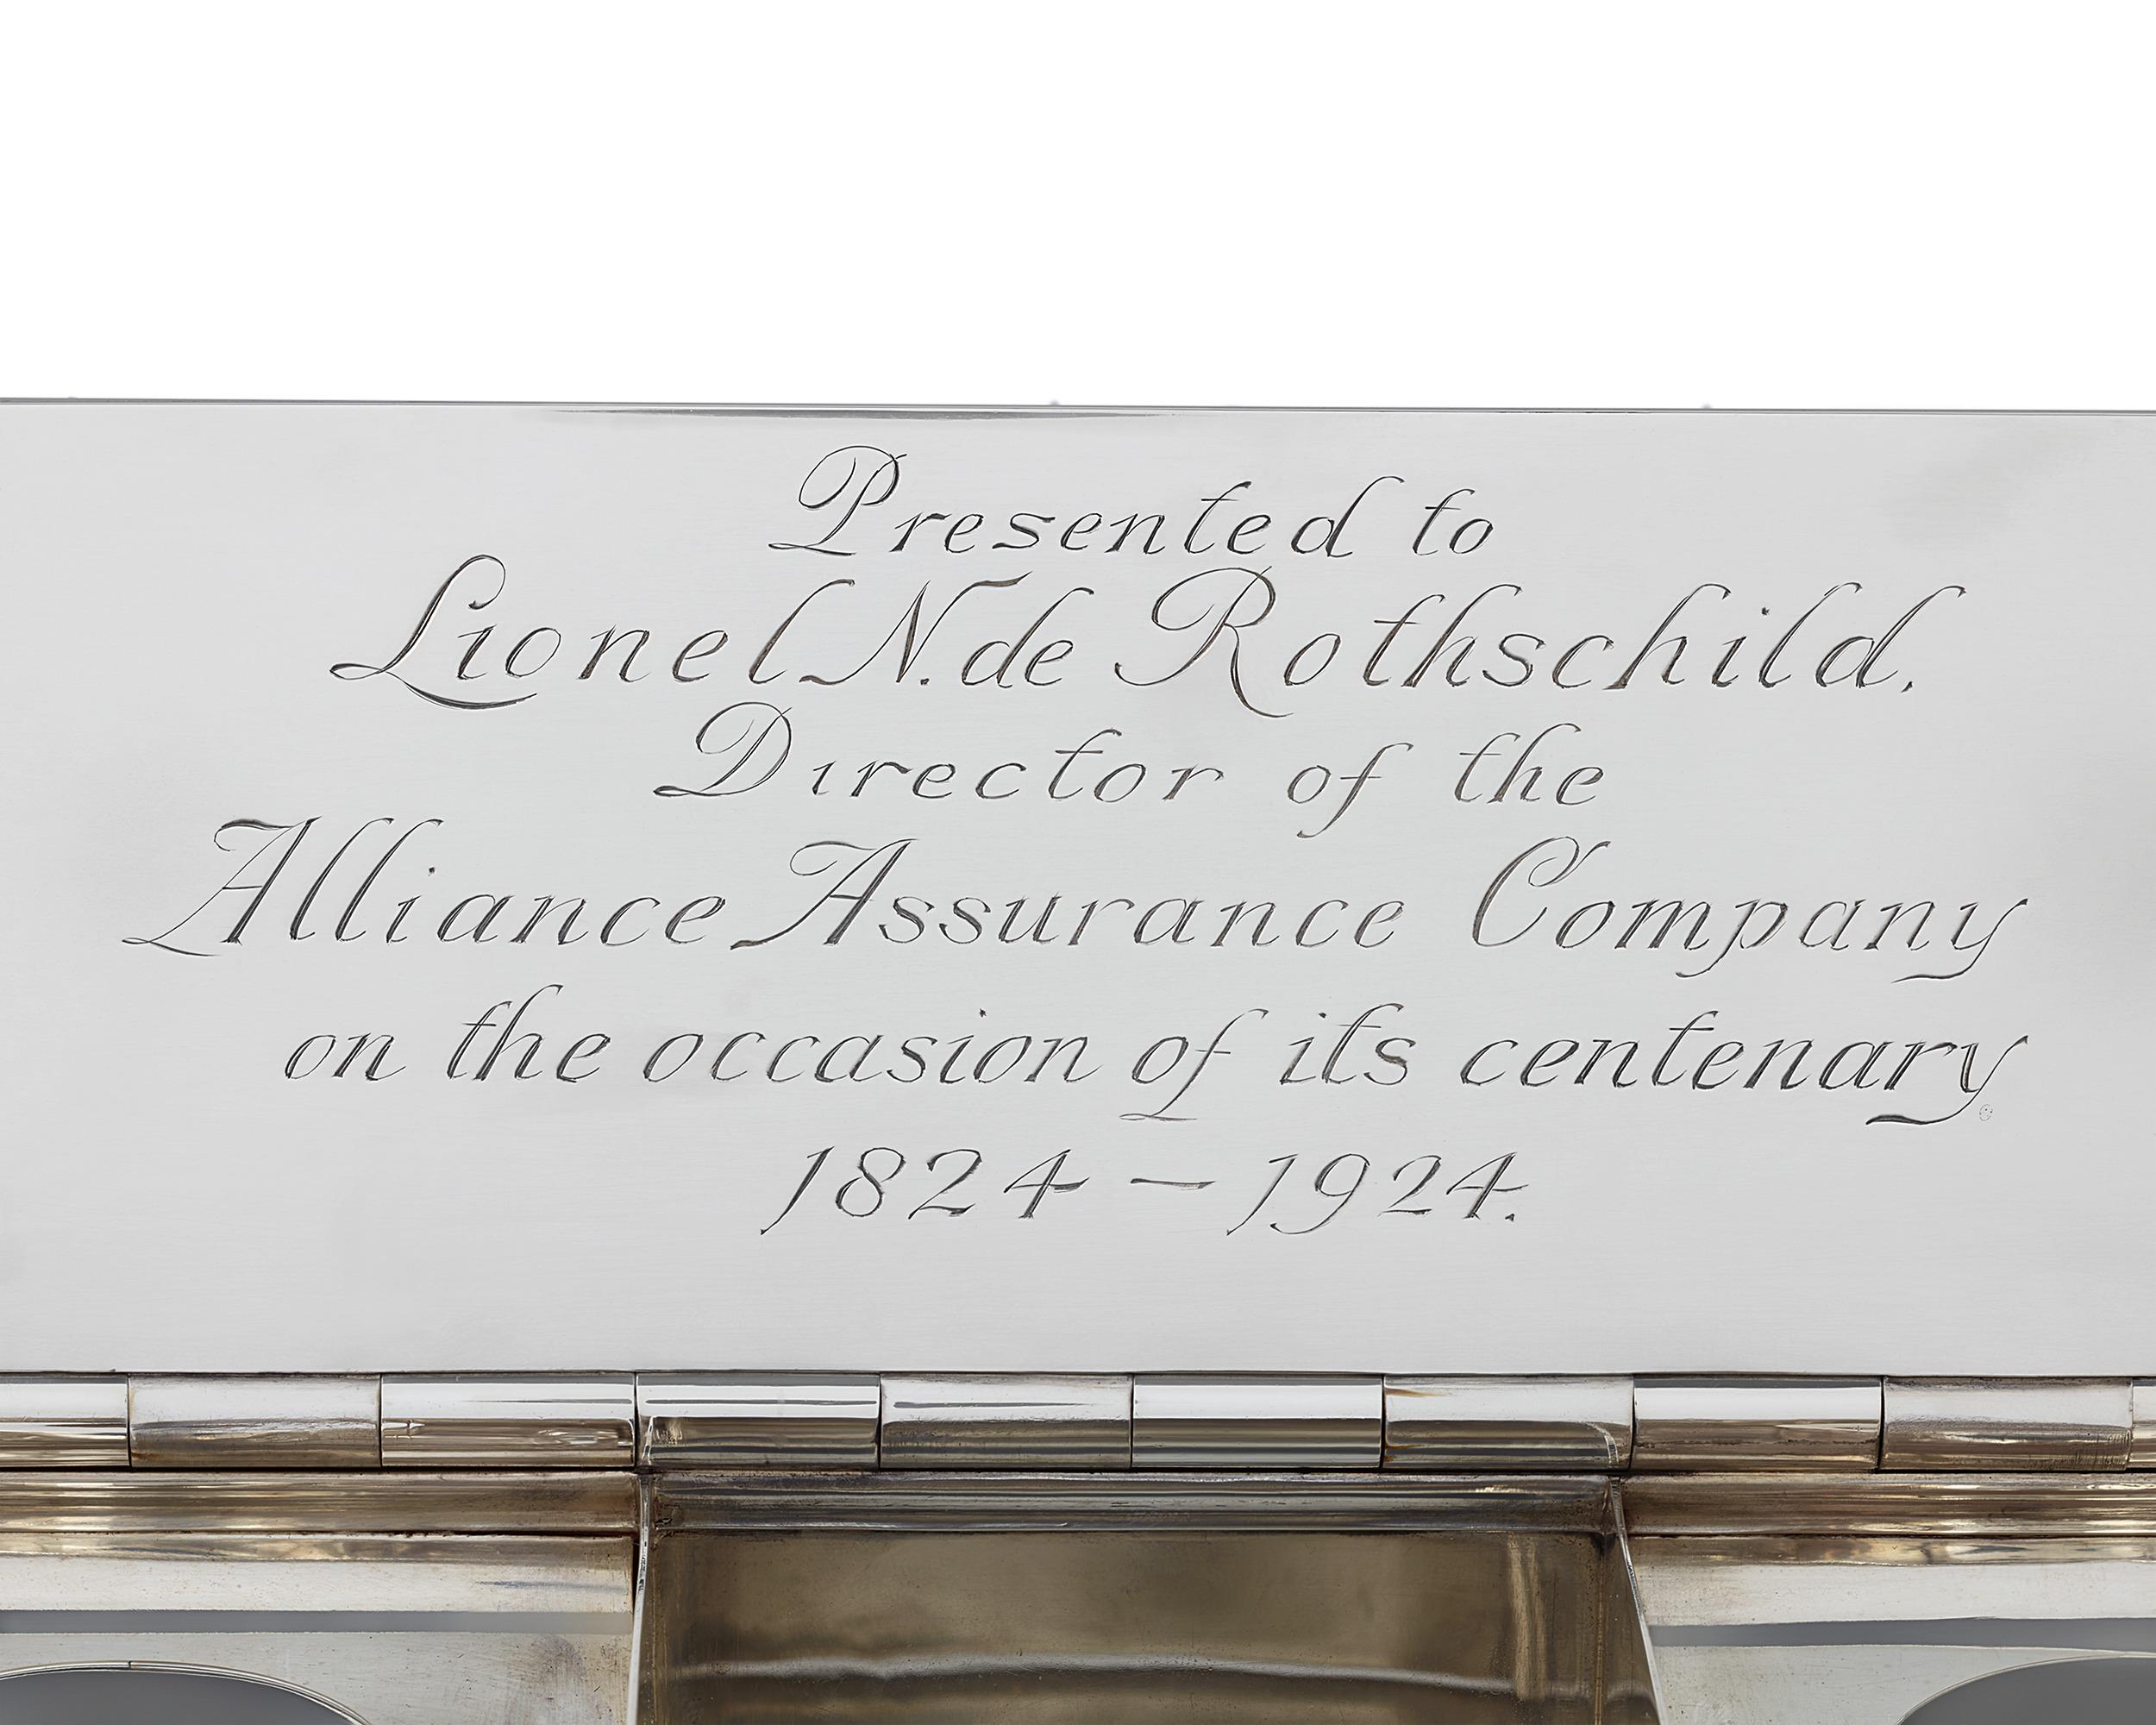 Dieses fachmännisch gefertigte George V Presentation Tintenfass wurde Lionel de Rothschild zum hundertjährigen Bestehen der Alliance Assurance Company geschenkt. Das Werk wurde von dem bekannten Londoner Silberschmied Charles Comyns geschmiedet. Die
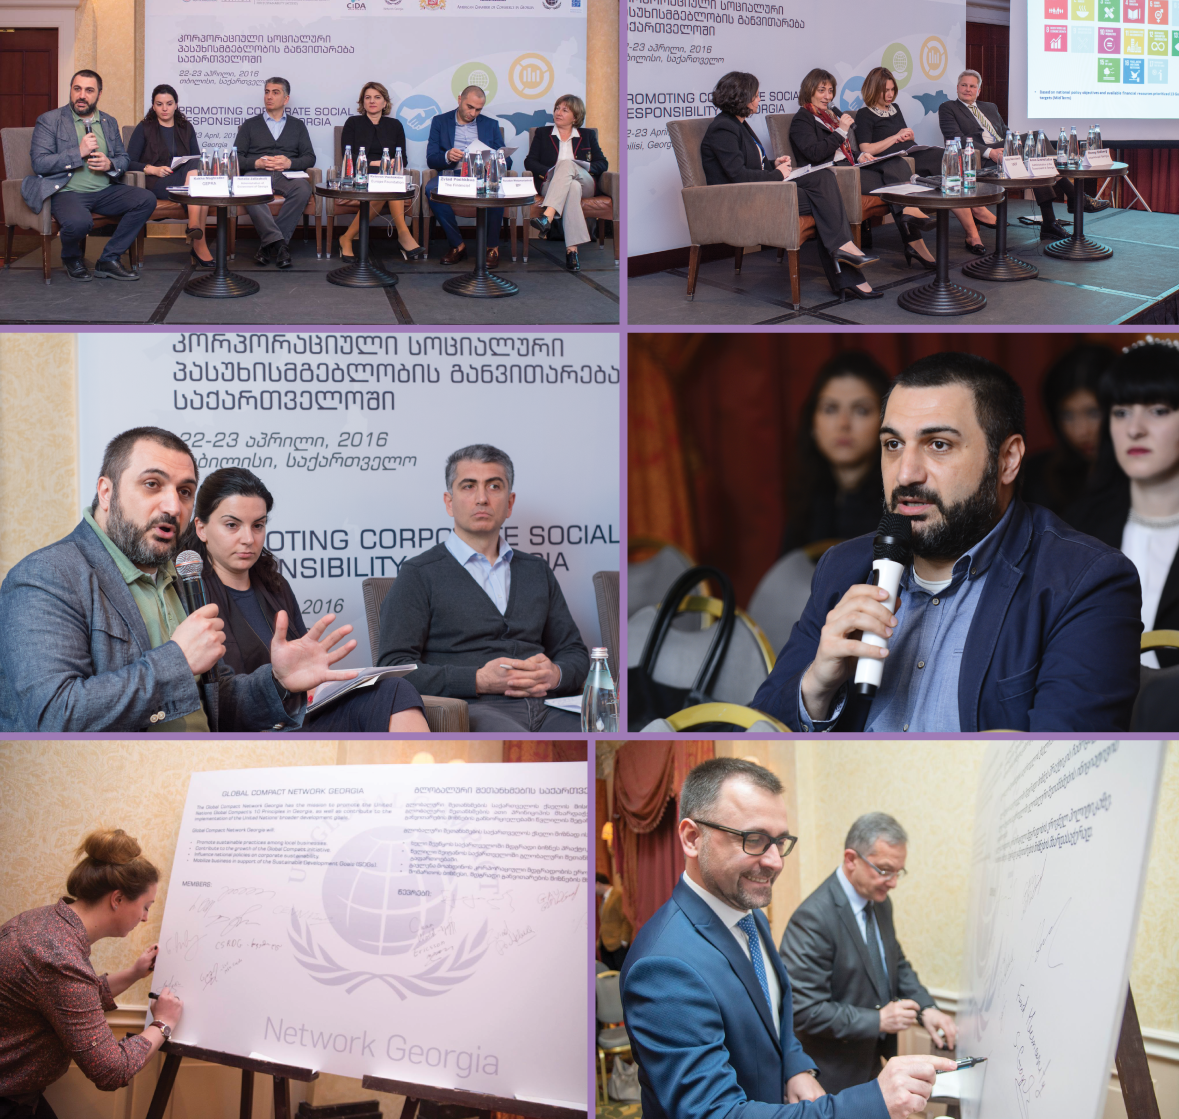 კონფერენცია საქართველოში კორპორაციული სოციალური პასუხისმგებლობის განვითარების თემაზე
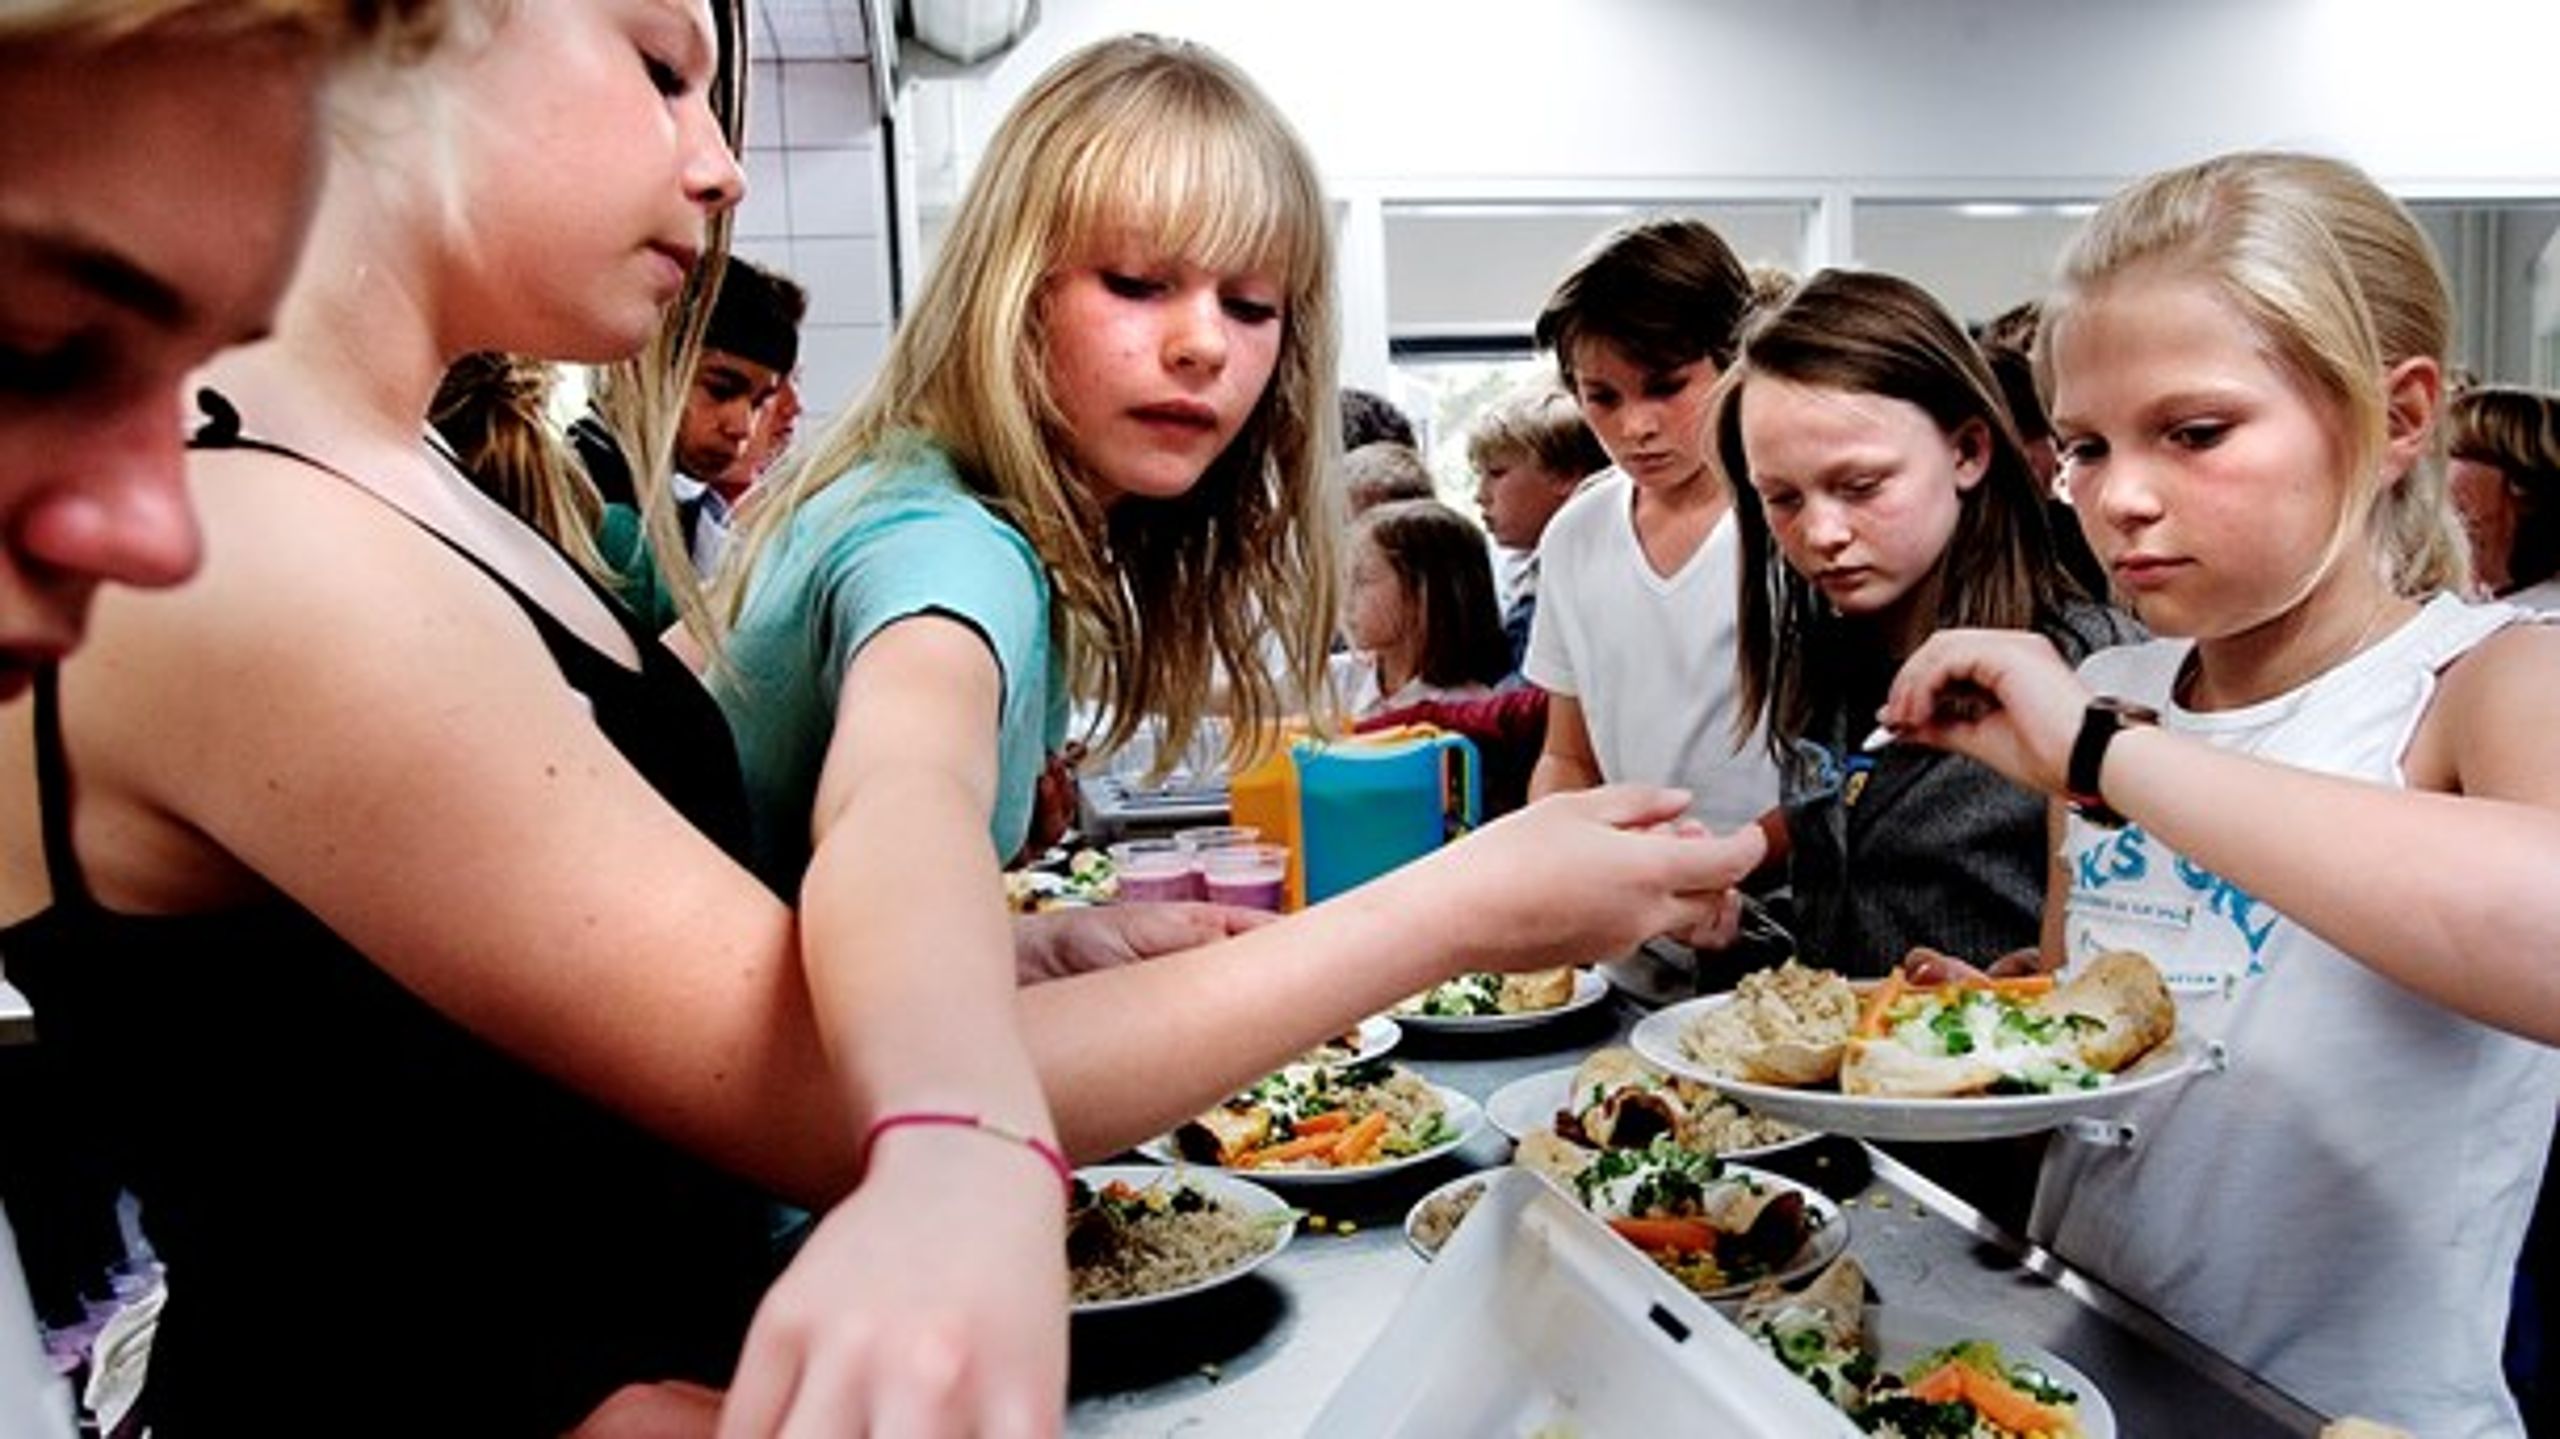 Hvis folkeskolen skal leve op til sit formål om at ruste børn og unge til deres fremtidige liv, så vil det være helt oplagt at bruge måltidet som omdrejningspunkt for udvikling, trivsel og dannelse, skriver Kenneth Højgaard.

**To do:** Repeat word for word the lines from the one holding "კონფერენცია საქართველოში კორპორაციული" through the last line of the listing above, including both ends. Drop the pictures.

**Final answer:**
 კონფერენცია საქართველოში კორპორაციული სოციალური პასუხისმგებლობის განვითარების თემაზე
 Hvis folkeskolen skal leve op til sit formål om at ruste børn og unge til deres fremtidige liv, så vil det være helt oplagt at bruge måltidet som omdrejningspunkt for udvikling, trivsel og dannelse, skriver Kenneth Højgaard.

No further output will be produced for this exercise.